# Canon 60D, 700D or some other



## izzikio_rage (May 2, 2014)

Need to buy a DSLR for a friend. They're planning to spend about 50k on the camera + kit lens. What would be a better option, going for the older but tried and trusted 60D or the new 700D (which is almost at a 15k premium). Or is there a competitor from nikon that might be a better bet?


----------



## nac (May 2, 2014)

I would prefer 60D over 700D. From Nikon you can get D7000.


----------



## The Incinerator (May 2, 2014)

700D and 70D have faster focus in low light as well as live view. 60D though great is old now.


----------



## sujoyp (May 2, 2014)

60D is old now , Nikon D7000 is better than that...700D is overpriced right now, its a 600D range DSLR not worth spending that much ...70D is very good but cost is high ....Technically Nikon D5200 is best deal right now....and if you are ok with the age of D7000 then its very good for 45k body

- - - Updated - - -

btw did someone checked the price of canon lenses ....canon have increased the prices further 
55-250 now cost 17k 
and canon 50mm 1.8 cost 7k   where nikon 50mm 1.8 AFS cost 8k

Prices taken from flipkart

- - - Updated - - -

If you want to go only for canon then get 700D ...it have some new technologies under the hood..


----------



## izzikio_rage (May 2, 2014)

no there is no special love for canon. I had the same feeling that the 700D is very similar to the 650D and probably not worth the price. But the next best option seems to be the 60D which is almost 2-3 years old. Even in the nikon stables the D7000 is 2 years old as you said. 

What would a good option be? going for these older bodies and getting a prime lens in the same money or going for a newer body and buying the lenses later?


----------



## nac (May 2, 2014)

^^ It's still selling around 10k.
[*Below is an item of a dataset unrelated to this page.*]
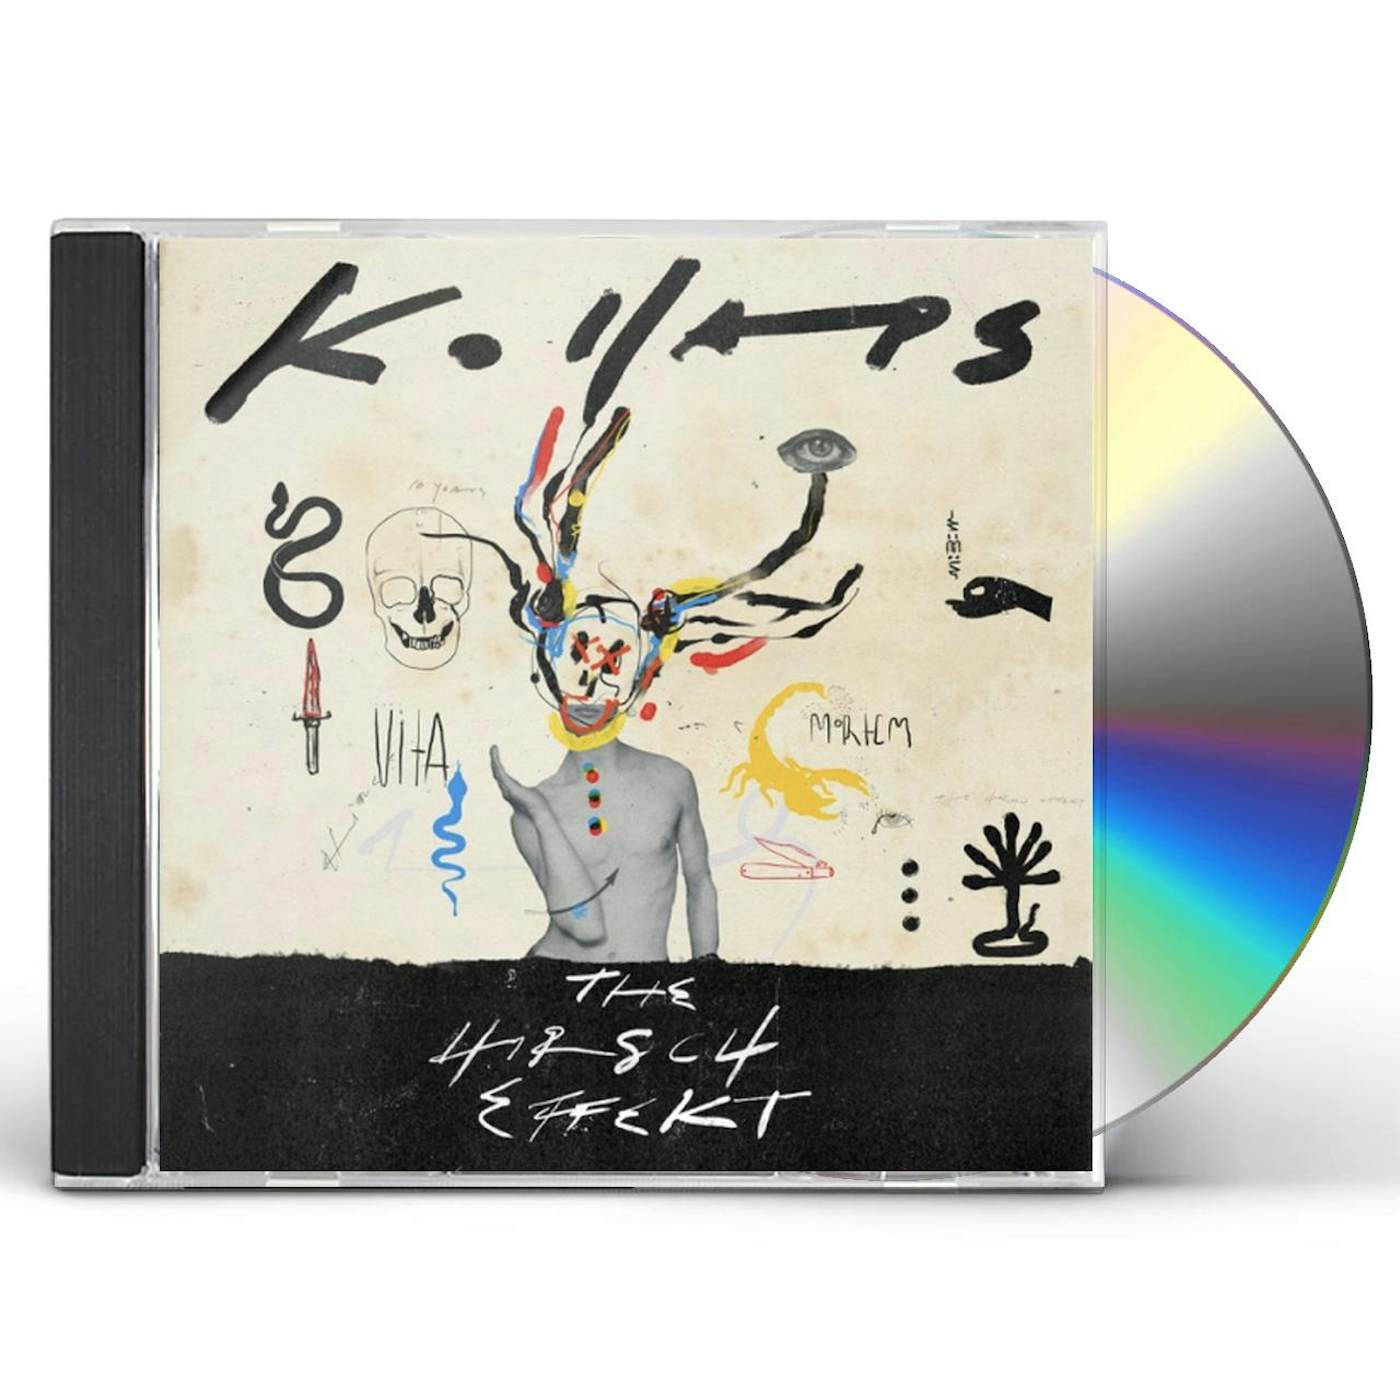 The Hirsch Effekt KOLLAPS CD

I guess 17k is MRP and 50mm have been selling around 7k since last price hike.

Sujoy didn't mind about the age of the camera when he bought D7000 just few months ago. So don't bother about the age...


----------



## sujoyp (May 2, 2014)

After getting D7000 you wont miss anything at all...It have all the features required in a semipro DSLR ....after D7000 its straightway D7100 and 70D which cost almost 25k more


----------



## izzikio_rage (May 2, 2014)

then I guess I'll start figuring out how to convince them to get the D7000. Maybe just to make things interesting I'll also introduce a mirrorless into the mix, the sony a6000 perhaps


----------



## nac (May 2, 2014)

What's your plan? Make them drop the idea of buying a DSLR by confusing them with too many choices?  Just kidding... 
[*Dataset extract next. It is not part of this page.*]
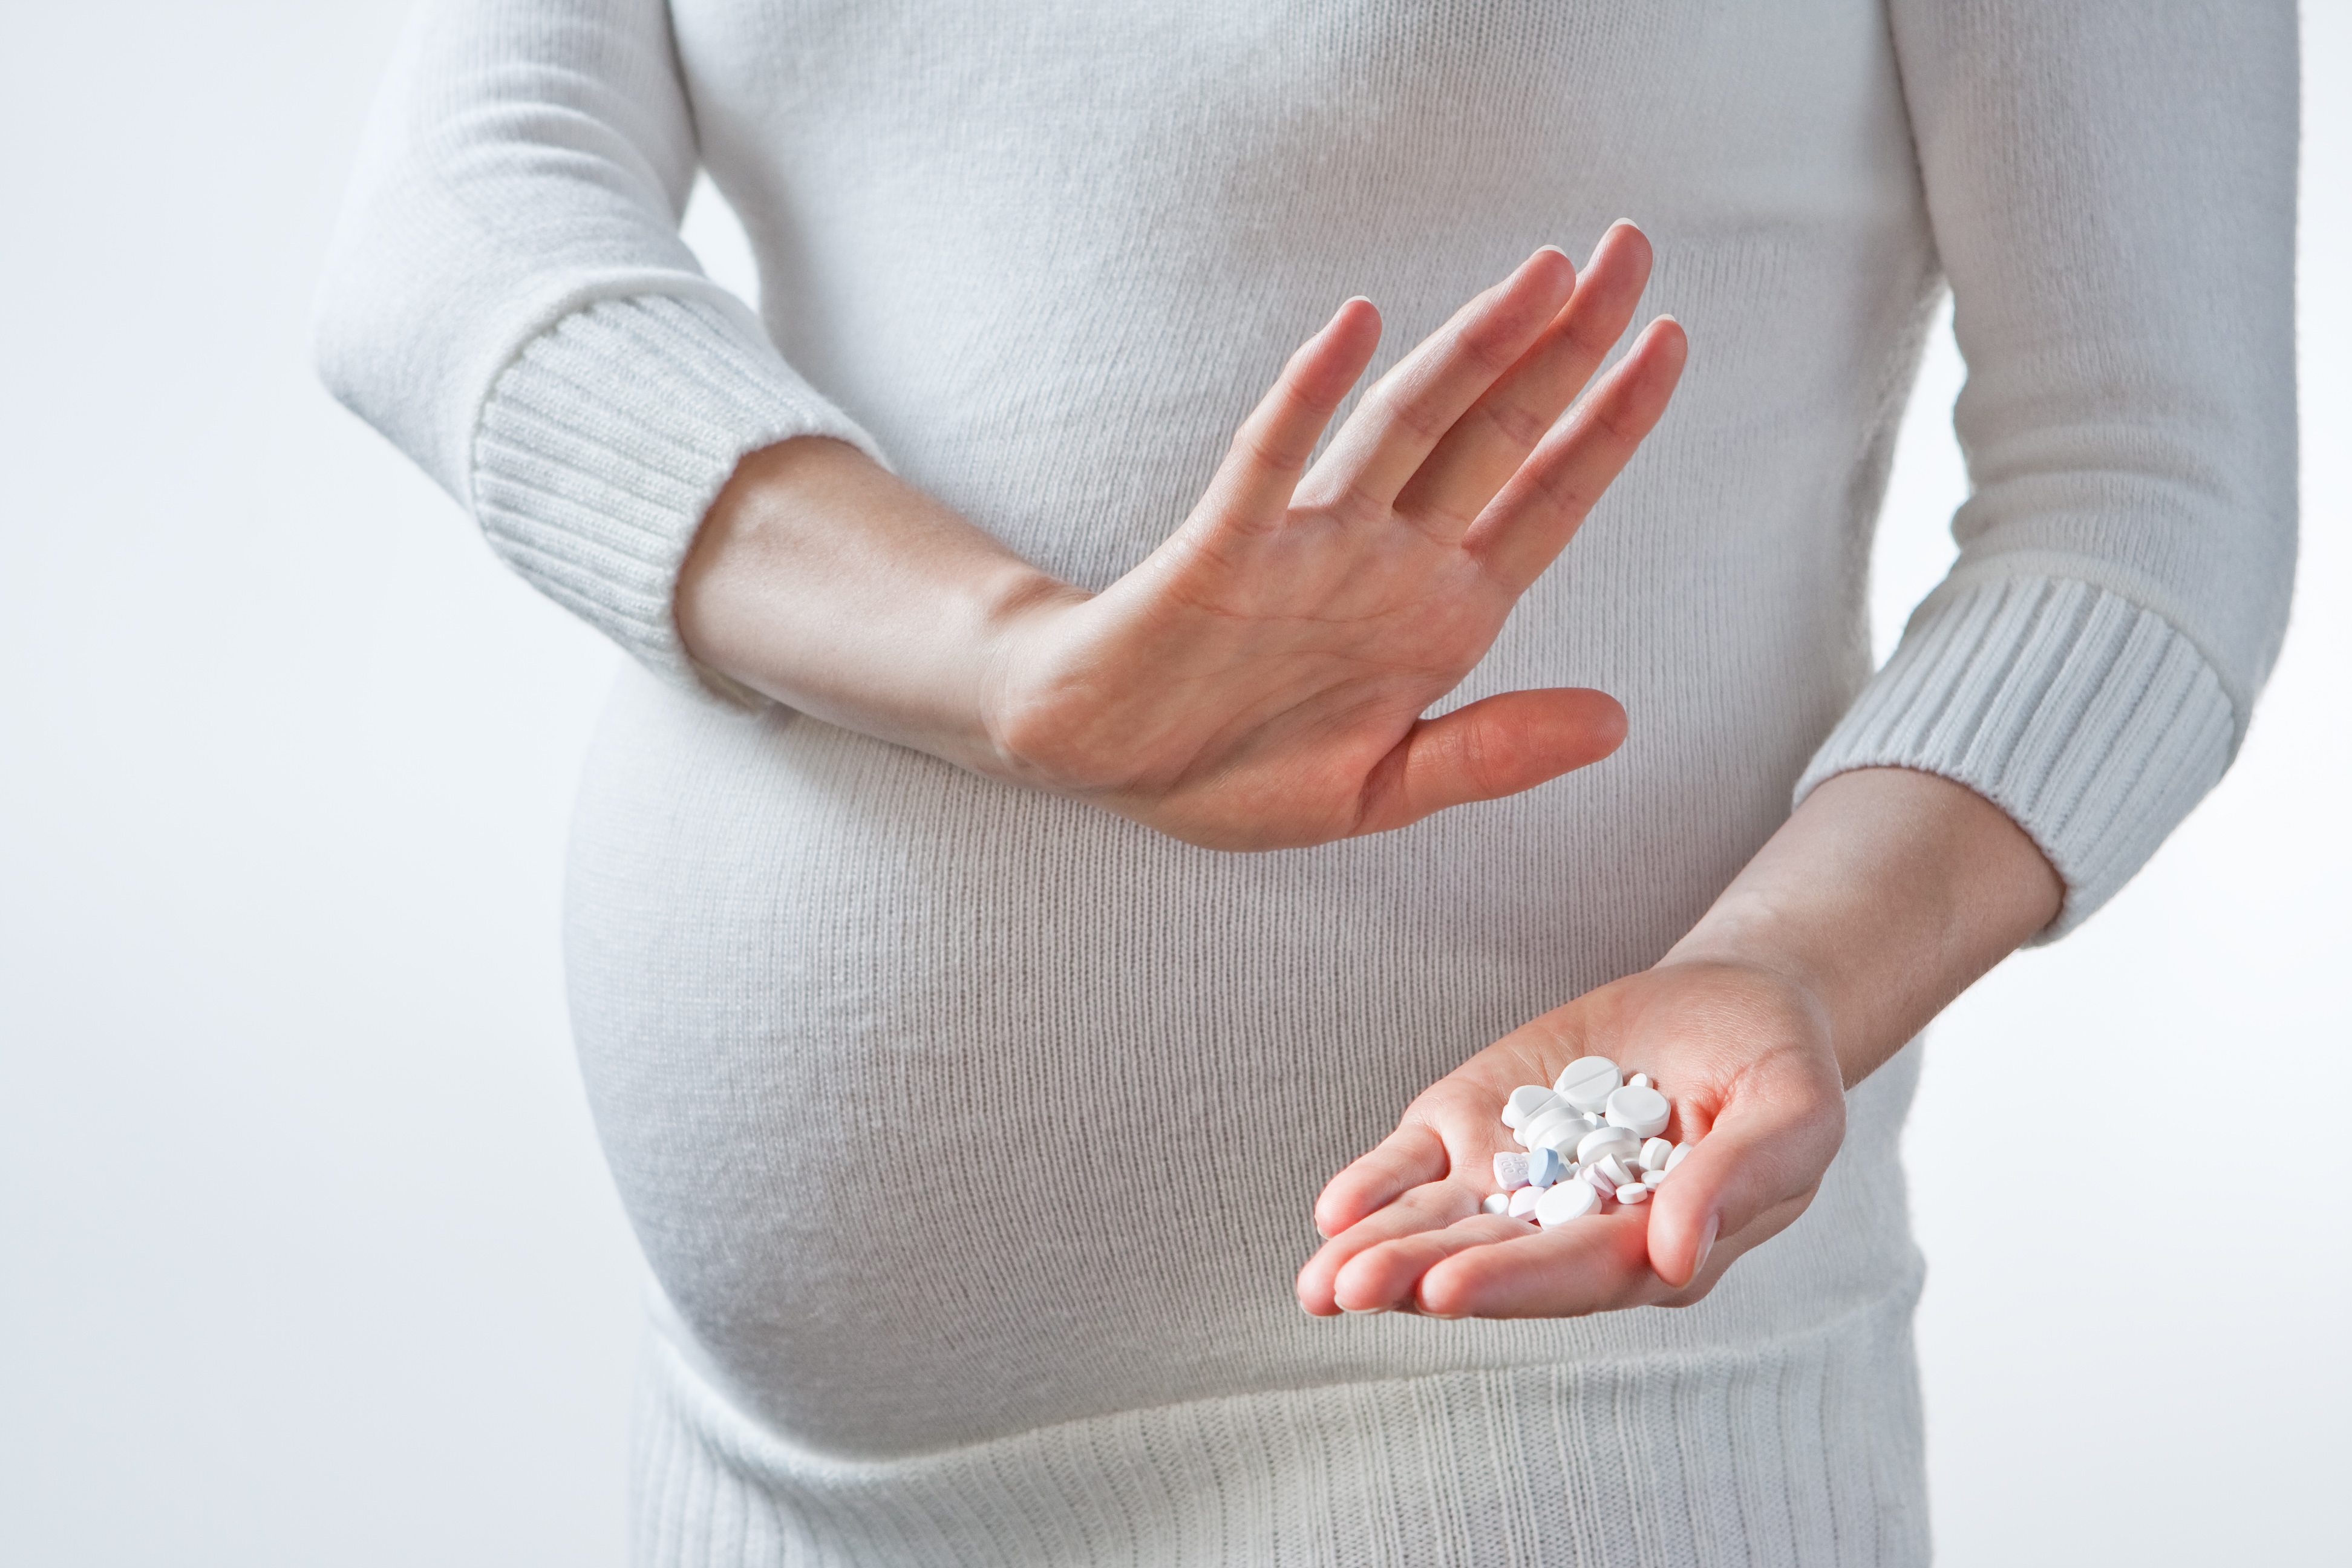 Вживання парацетамолу при вагітності може знижувати IQ дитини, дослідження

By the way, I thought they were thinking of DSLR.


----------



## sujoyp (May 2, 2014)

I wish we could consider mirrorless too....Sony is a very good contender right now...but they release too many cameras with different type of names...I get mixed up ...I think sony A57 is D7000 equivalent ...but donno the price range of A6000


----------



## izzikio_rage (May 2, 2014)

nac said:


> What's your plan? Make them drop the idea of buying a DSLR by confusing them with too many choices?  Just kidding...
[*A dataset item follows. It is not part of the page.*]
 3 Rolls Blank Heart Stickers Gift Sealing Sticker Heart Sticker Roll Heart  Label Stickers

That will anyhow end up happening, wait till I start telling them about propitiatory flash/lens systems etc. <I don't know how to put a smiley>



sujoyp said:


> I wish we could consider mirrorless too....Sony is a very good contender right now...but they release too many cameras with different type of names...I get mixed up ...I think sony A57 is D7000 equivalent ...but donno the price range of A6000



Sony's mapping is crazy, last I checked the NEX6 was a fair contender to the T4i (650D) so I guess the yet to be released in india a6000 would give the 700D a run for it's money. It costs about $648 so round 40k odd. It has gotten some very impressive reviews, but people in general don't seem to consider mirror less cams as proper pro cams


----------



## sujoyp (May 2, 2014)

amlan problem with sony is mixed up names...mirrorless is the next big thing...and slowly everything will be mirrorless...but now I donno if A6000 can use sony alpha series of lenses or nex series of lenses ...why they complicate things


----------



## sameerdatta (May 2, 2014)

Nikon D5300 + 18-55mm 45000 (snapdeal)

It is currently the best DSLR In the range in terms of pure Photo Quality, if you are heavily into video then the cannon is better in terms of movement focus. I would personally suggest the Nikon but with the 18-104mm or 18-140mm (the 18-55 is a crap lens)


I hope this helps


----------